» **Exercise objective**
While you copy the lines below, skip the pictures and keep the rest exact.

Stored items from a collection
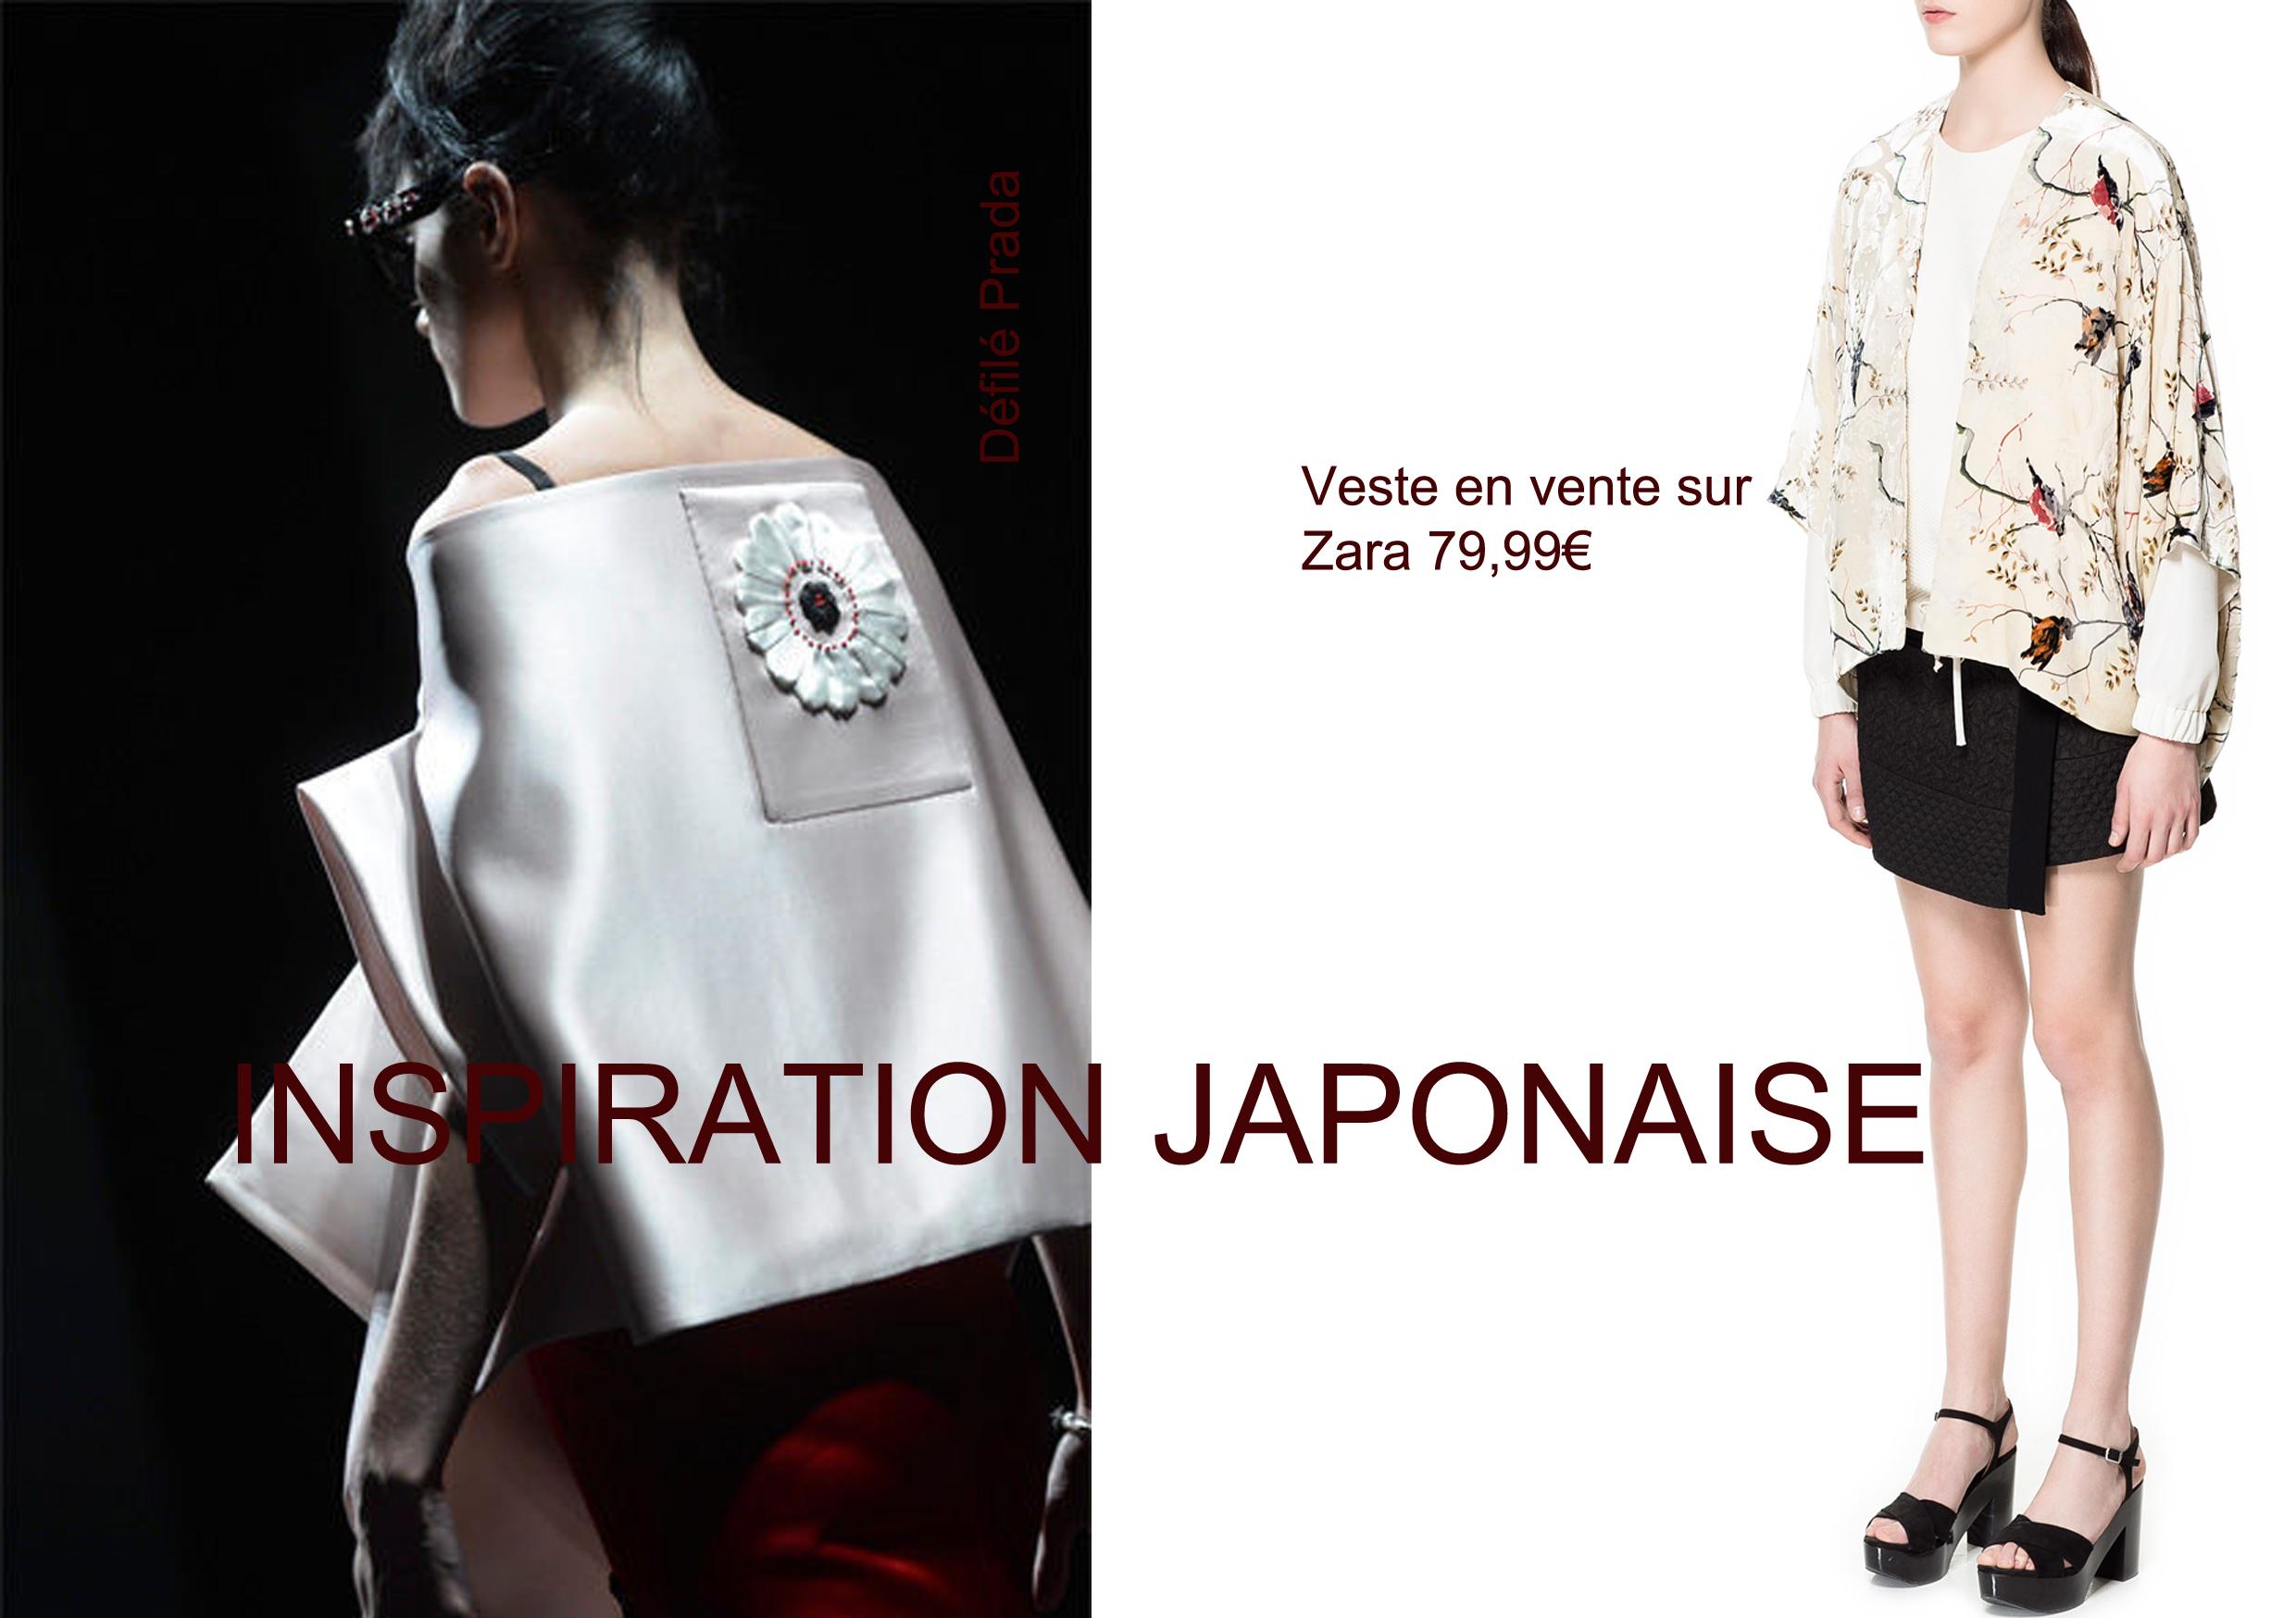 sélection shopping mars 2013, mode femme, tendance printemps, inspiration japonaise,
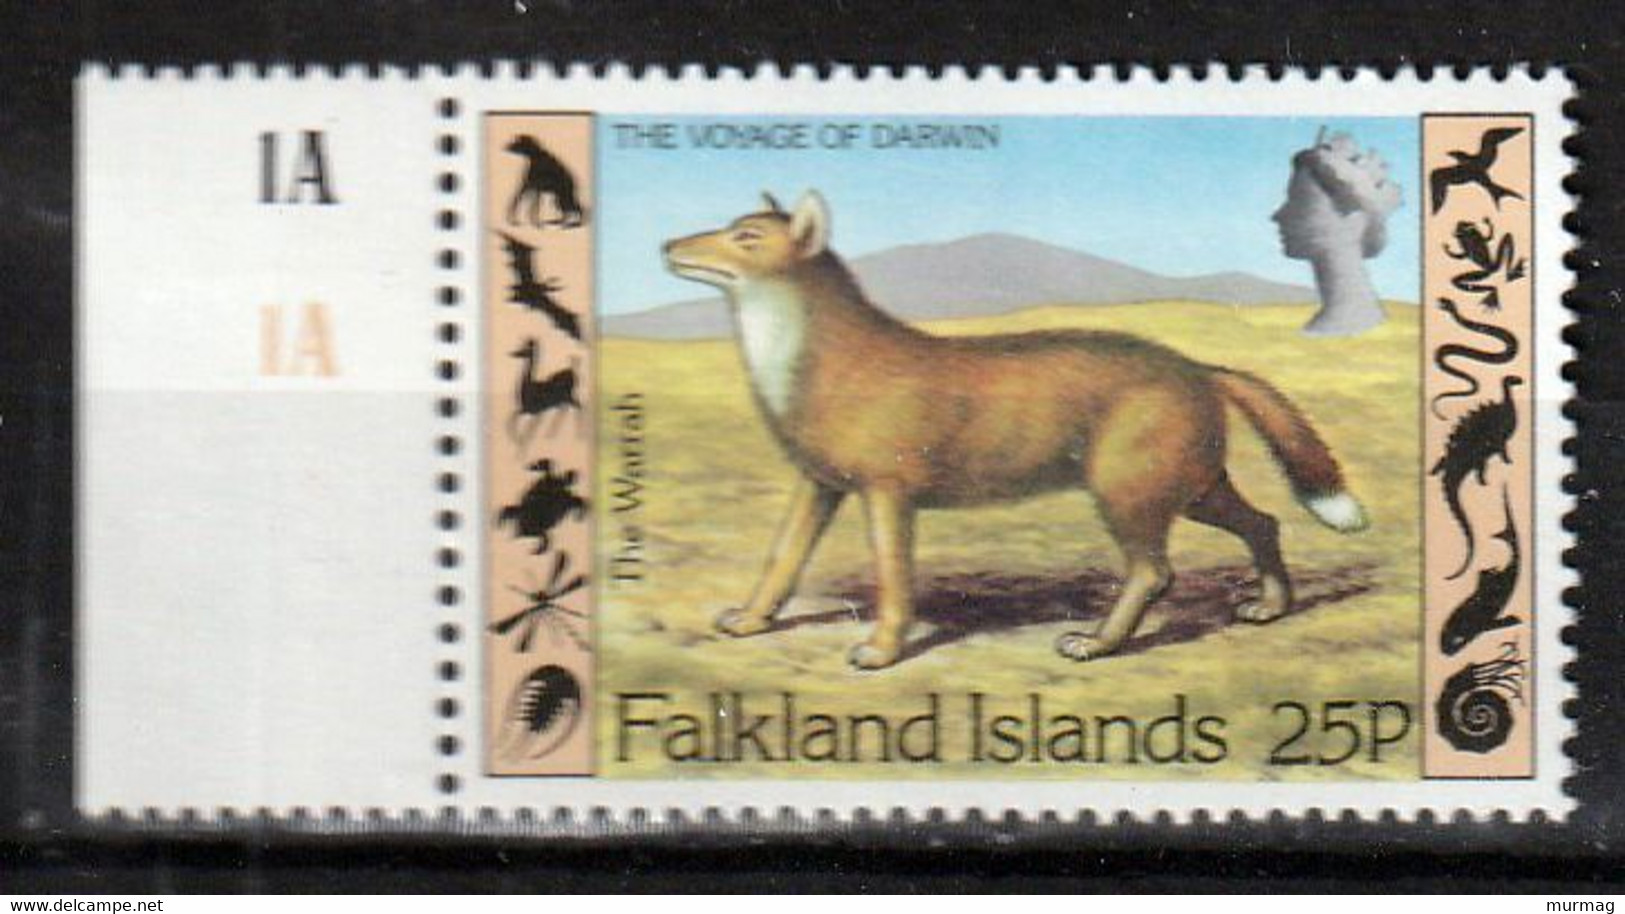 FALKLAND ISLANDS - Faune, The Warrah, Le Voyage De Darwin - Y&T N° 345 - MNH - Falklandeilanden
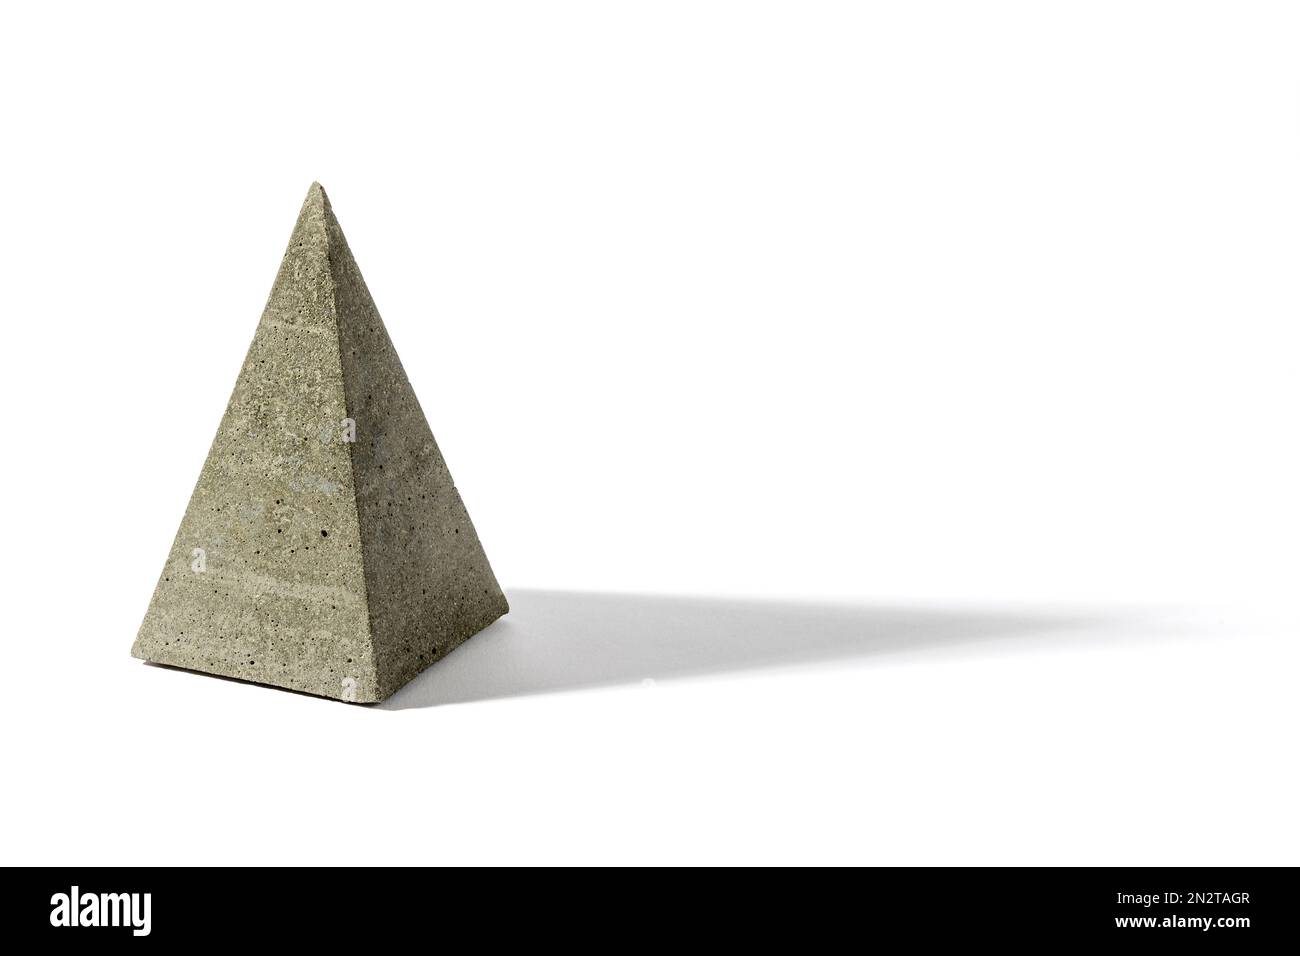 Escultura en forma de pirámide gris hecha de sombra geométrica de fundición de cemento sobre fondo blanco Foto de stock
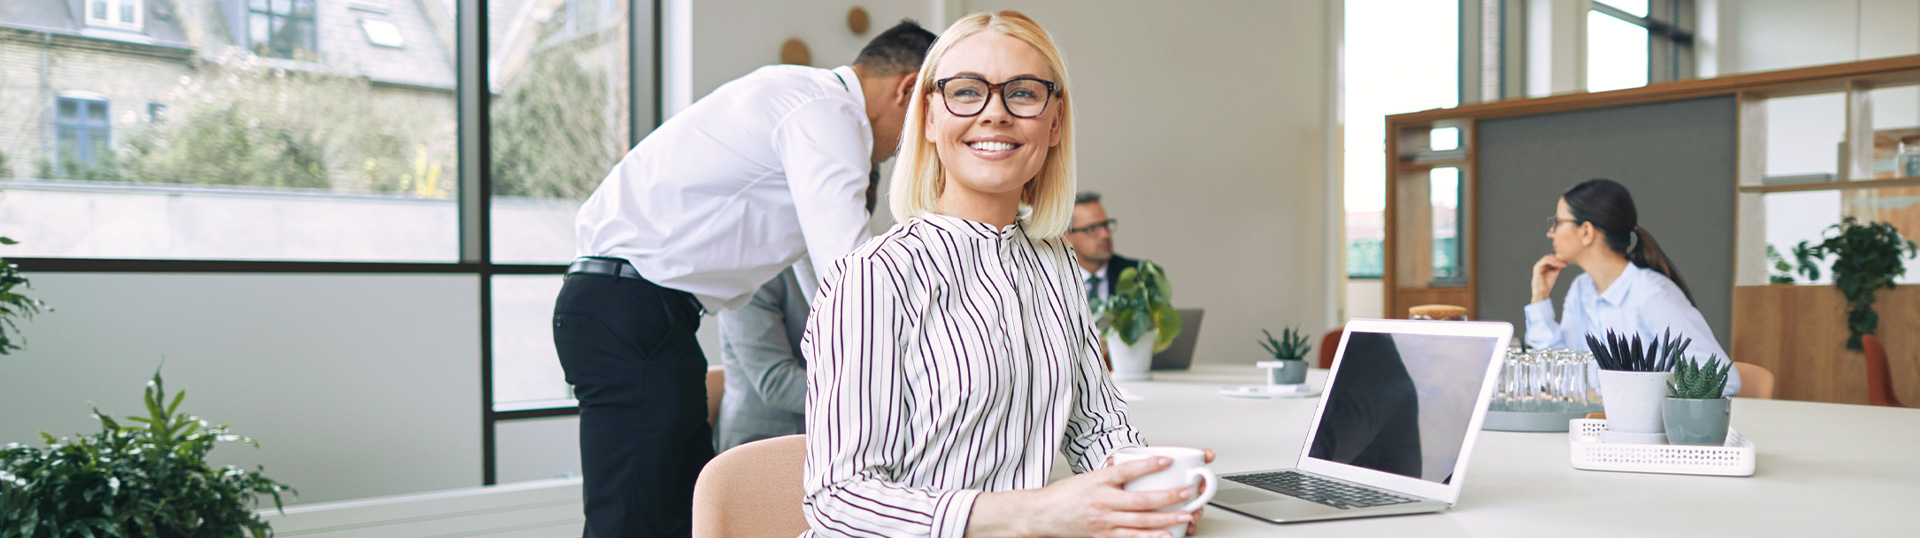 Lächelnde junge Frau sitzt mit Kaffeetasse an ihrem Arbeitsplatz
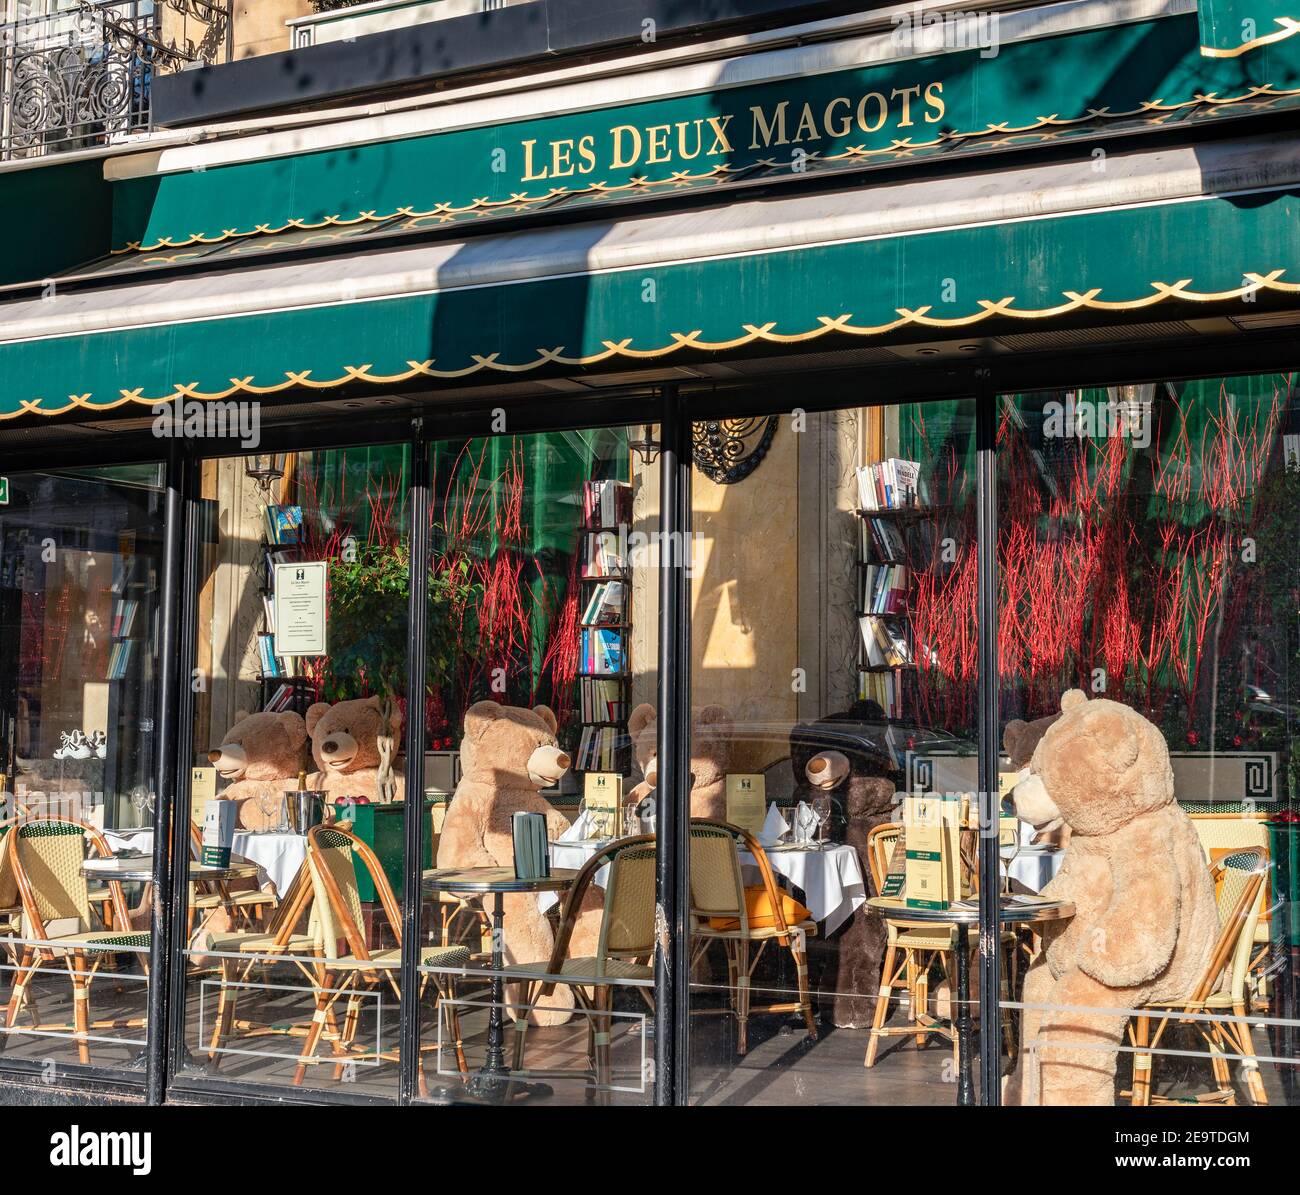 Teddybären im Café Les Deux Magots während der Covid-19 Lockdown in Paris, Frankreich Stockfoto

» **Final answer**
 sélection shopping mars 2013, mode femme, tendance printemps, inspiration japonaise,
 FALKLAND ISLANDS - Faune, The Warrah, Le Voyage De Darwin - Y&T N° 345 - MNH - Falklandeilanden
 Escultura en forma de pirámide gris hecha de sombra geométrica de fundición de cemento sobre fondo blanco Foto de stock
 Lächelnde junge Frau sitzt mit Kaffeetasse an ihrem Arbeitsplatz
 Teddybären im Café Les Deux Magots während der Covid-19 Lockdown in Paris, Frankreich Stockfoto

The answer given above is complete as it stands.